## TASK DIRECTIONS:
Repeat exactly the lines below from the line that contains "Millie and John" to the last line, inclusive, without the pictures.

:: THE DATA

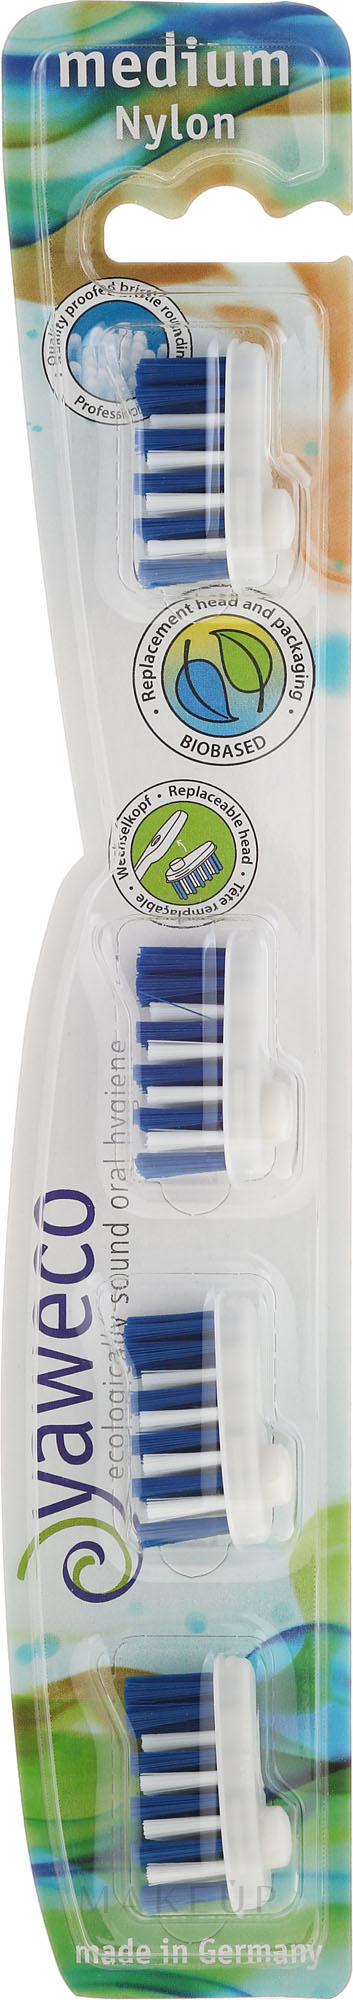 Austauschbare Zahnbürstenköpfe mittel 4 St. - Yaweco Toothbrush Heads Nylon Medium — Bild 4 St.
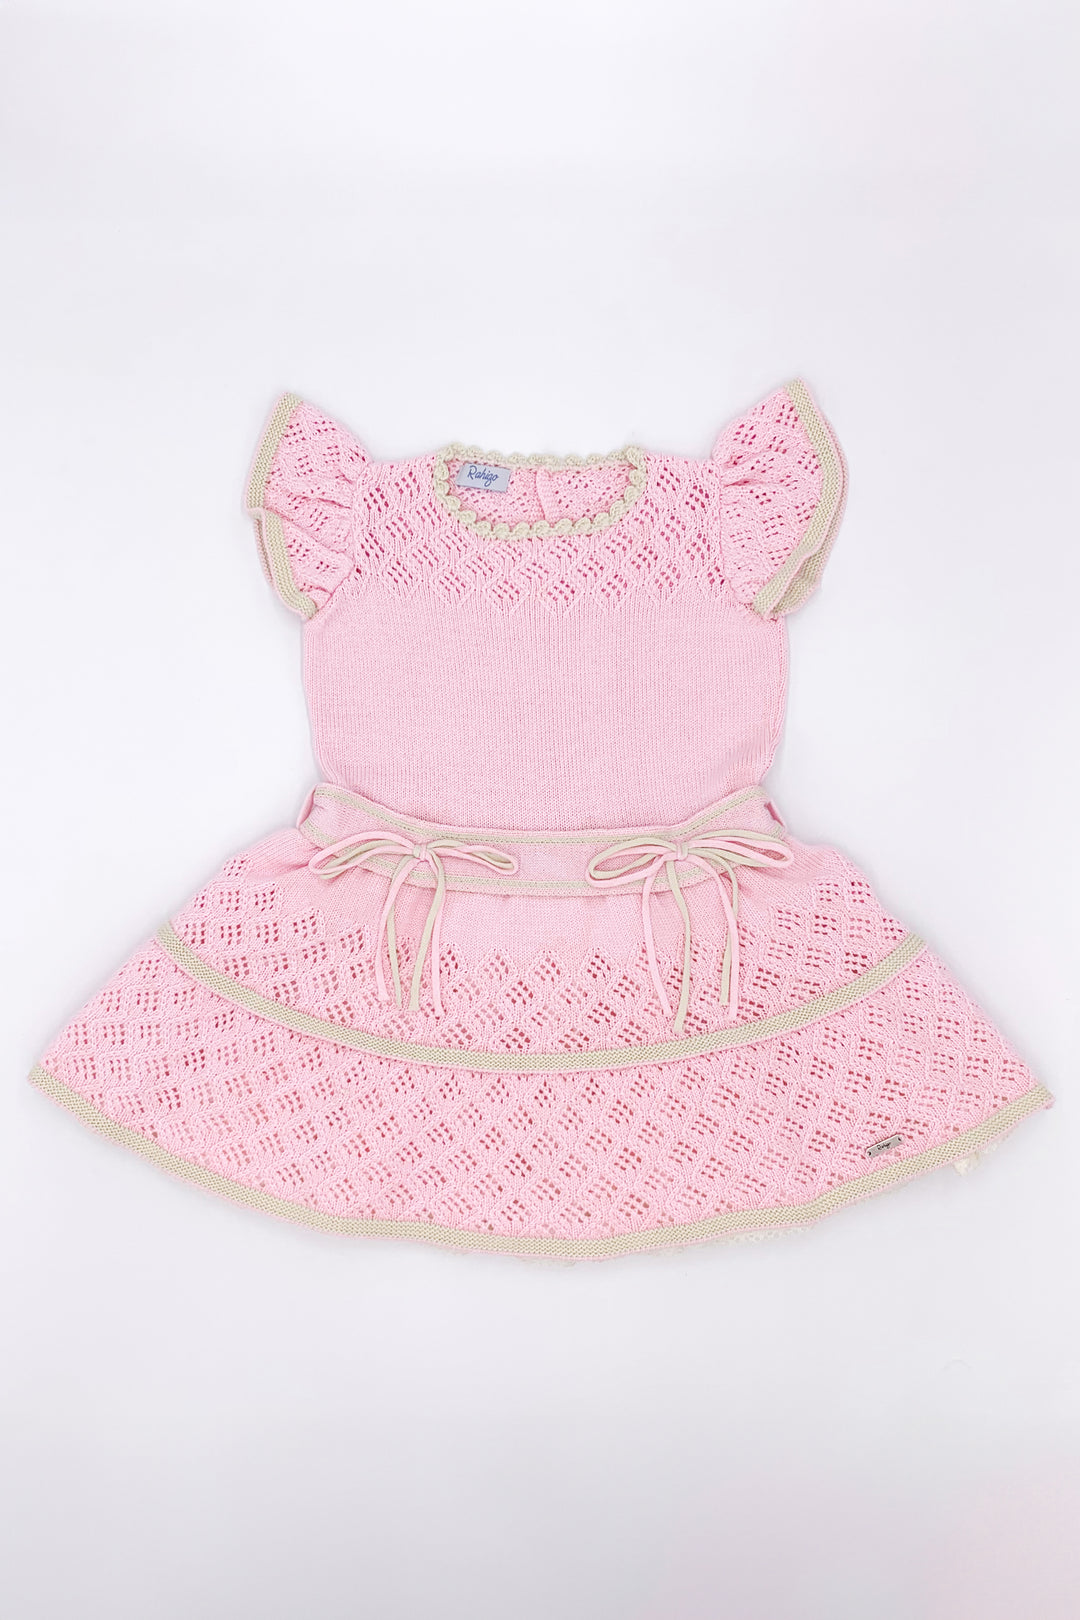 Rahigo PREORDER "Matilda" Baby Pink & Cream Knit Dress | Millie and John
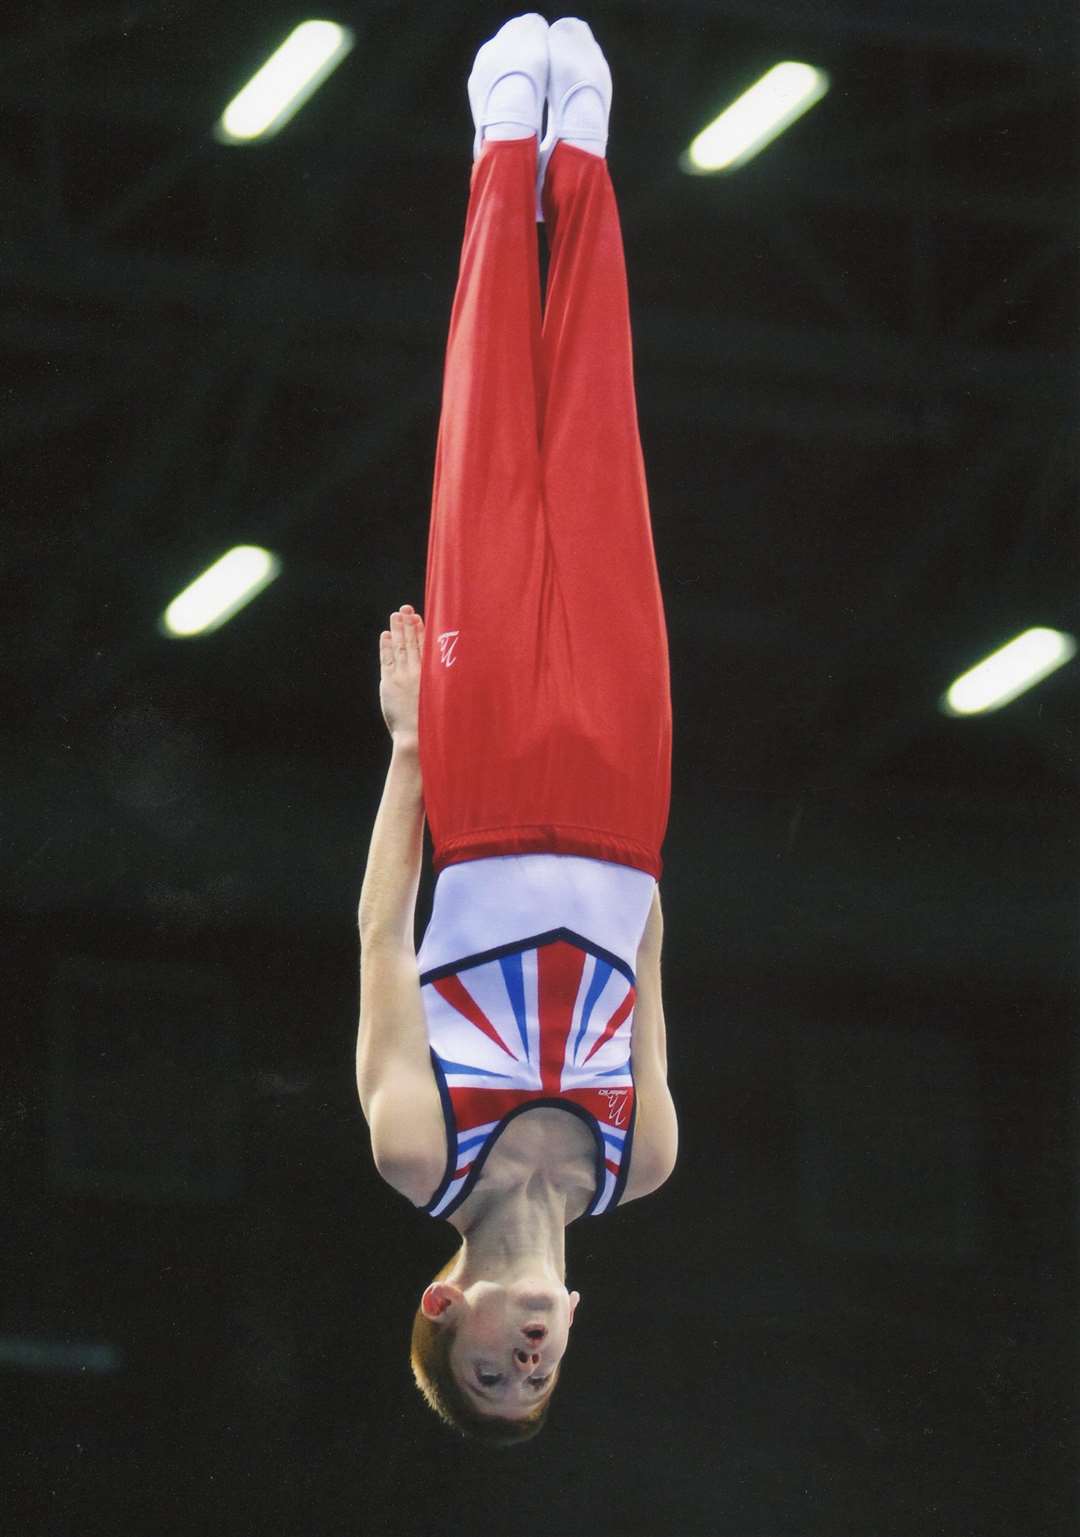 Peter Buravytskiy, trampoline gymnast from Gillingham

::::

## SOLUTION FOR THIS PROBLEM:
 Rahigo PREORDER "Matilda" Baby Pink & Cream Knit Dress | Millie and John
 Peter Buravytskiy, trampoline gymnast from Gillingham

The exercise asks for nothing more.